When others are urging that the United States ought to protect slavery in the Territories, the record does not show that he is interested at first; although when at last the question is forced into debate he makes by far the strongest speech of all in championship of the Davis resolutions. I believe the current sucked him in.
Just after Lincoln’s election—an event which influenced nearly all of even the most moderate elderly people of my acquaintance to declare at once for a southern confederacy—he proposed that Stephens join with him in an address to the people of Georgia, counselling that no immediate secessionist nor non-resistance man be elected to the convention;[109] and later he professed willingness to accept the Crittenden compromise.
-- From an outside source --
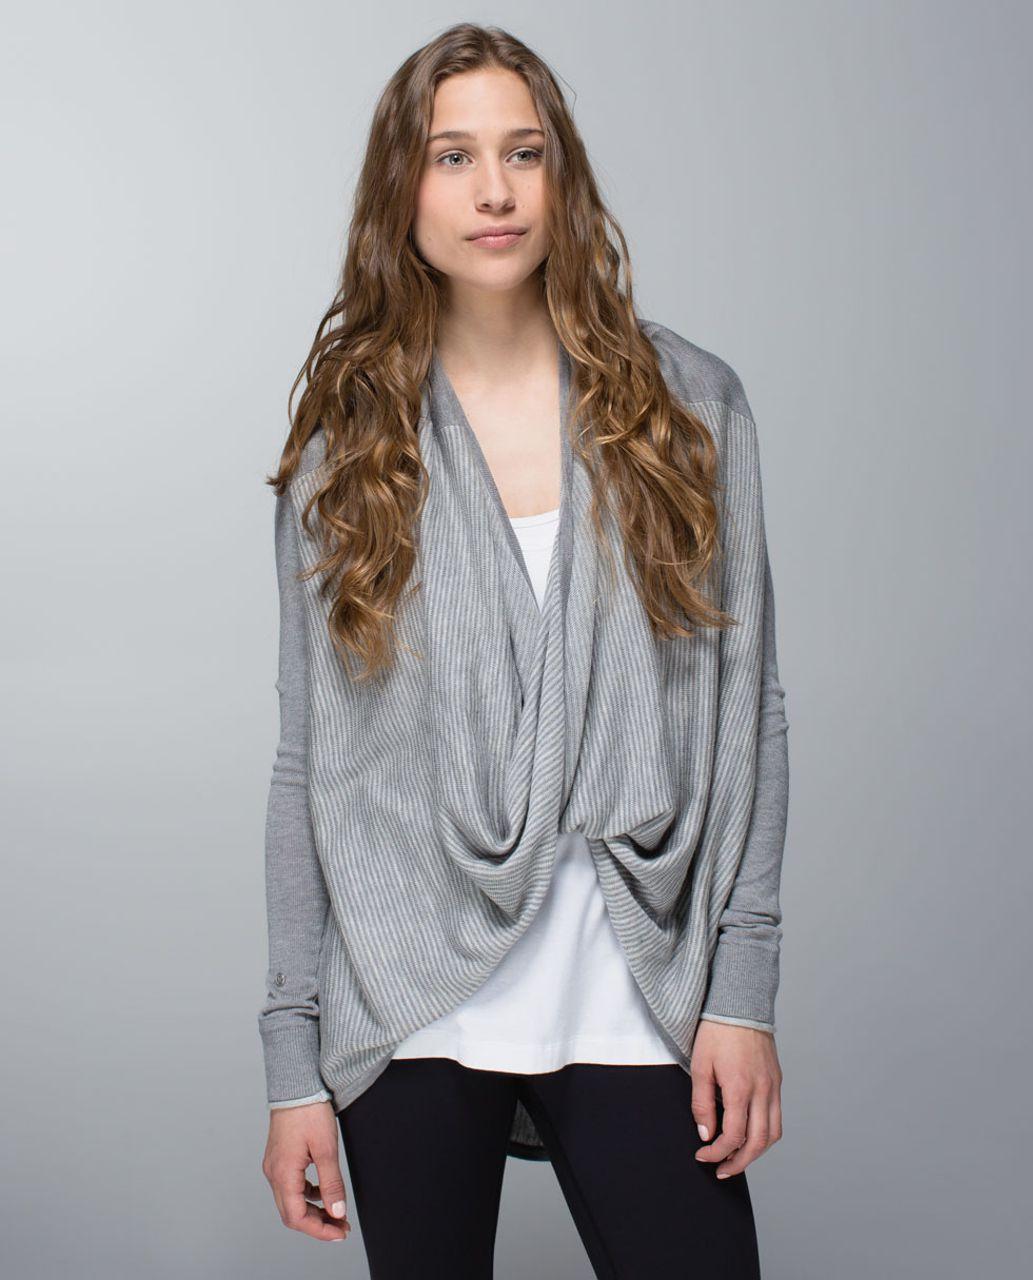 705a61aa4c Lululemon Iconic Sweater Wrap - Heathered Medium Grey   Heathered Light Grey  - lulu fanatics

The truth is that the ablest leaders, as we call them, do not lead—they are led. If they should become non-representative, their followers would go elsewhere. And those of these leaders whose influence is the most potent and permanent are the conservative and moderate. Toombs was never really ahead in the southern movement except when for a brief while in the session of 1849-50 he planted the standard far to the front and called his people forward. Afterwards there were always others who appeared to be fighting much in advance of him.